The defeat of the three measures would leave the funds now tabbed for laptop computers, teacher merit-pay bonuses and other “Students Come First” reforms unallocated within the public school budget; if lawmakers took no further action, it would flow into Idaho’s public education stabilization fund, a state savings account for schools, at the end of the school year. But when the Legislature convenes in January, it could redirect those funds through a supplemental appropriation, rather than just let them sit all year; if it sent the money out as discretionary funds to school districts, districts would decide how to spend it. Legislative budget analyst Paul Headlee, asked about the process, said, “They could do that. They could put it into salaries. They could even take it out of the public schools budget and put it somewhere else in the state budget.”

Said Lanza, “I do believe that the local school districts are best able to decide how to run their schools. And if the state allocated funds to them and allowed them decide how to spend it, I think they’d be a lot better off than with the handcuffs the Luna laws placed on them.”

Luna, when he unveiled his budget request for the state’s schools for next year earlier today, said he thought schools would see a major disruption if the referenda are voted down and the reform laws overturned. “You have districts right now that are under contract to pay for technology that they will not be able to pay for,” he said. Luna said he thought opponents should have proposed alternatives or changes to the reform laws he championed, rather than attempting to repeal them at the ballot box. “They chose to go at this with a meat ax and create such a disruption to our schools,” he said.

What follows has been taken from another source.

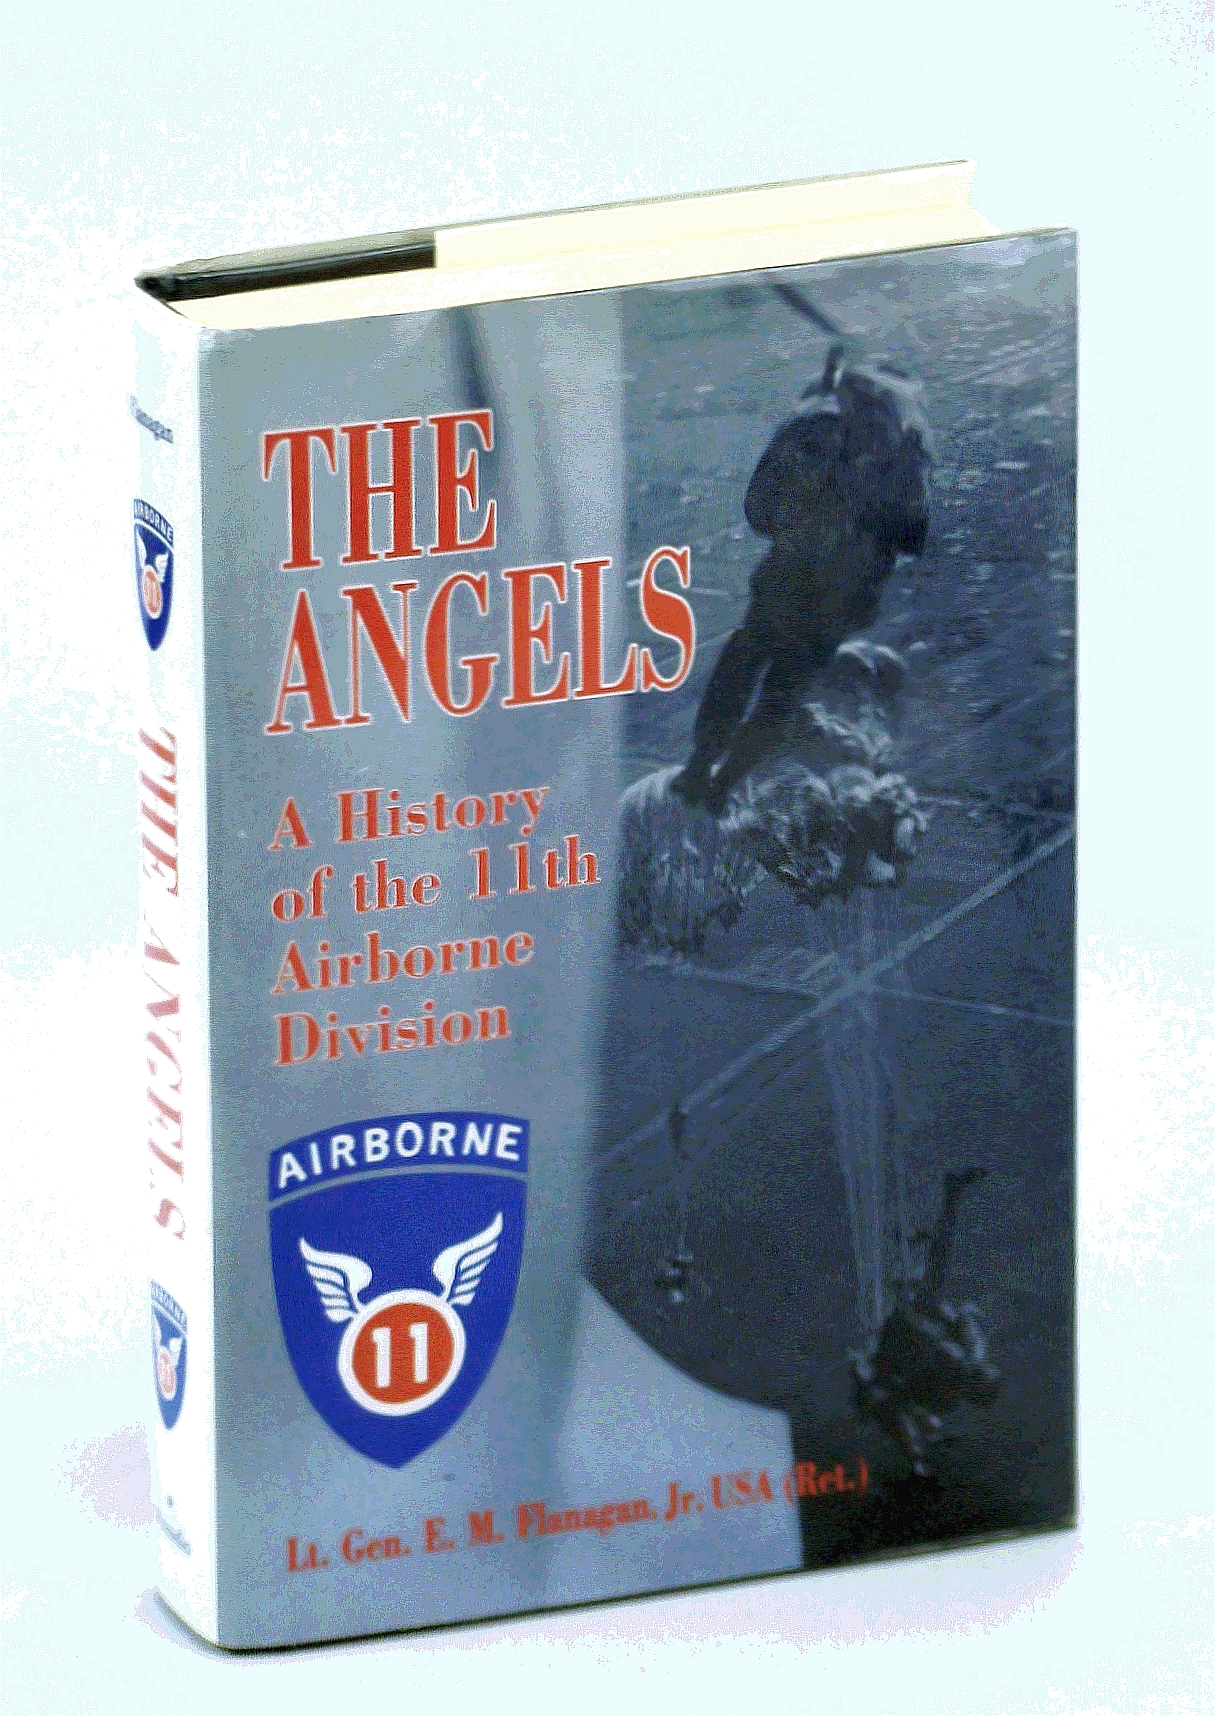 The Angels: A History of the 11th Airborne Division - E. M. Flanagan, Jr.

Lanza said, “It sounds to me like Superintendent Luna is complaining that it’s greatly inconvenient for him and his office that the people of Idaho have decided they want the final say on his laws. His problem seems to be with the democratic process. There are many of us in the state, as evidenced by how many signatures we collected in a short time, who think that Tom Luna is the one who has created this disruption in the schools and it’s already under way, and that we’re going to be better off once we repeal these laws.”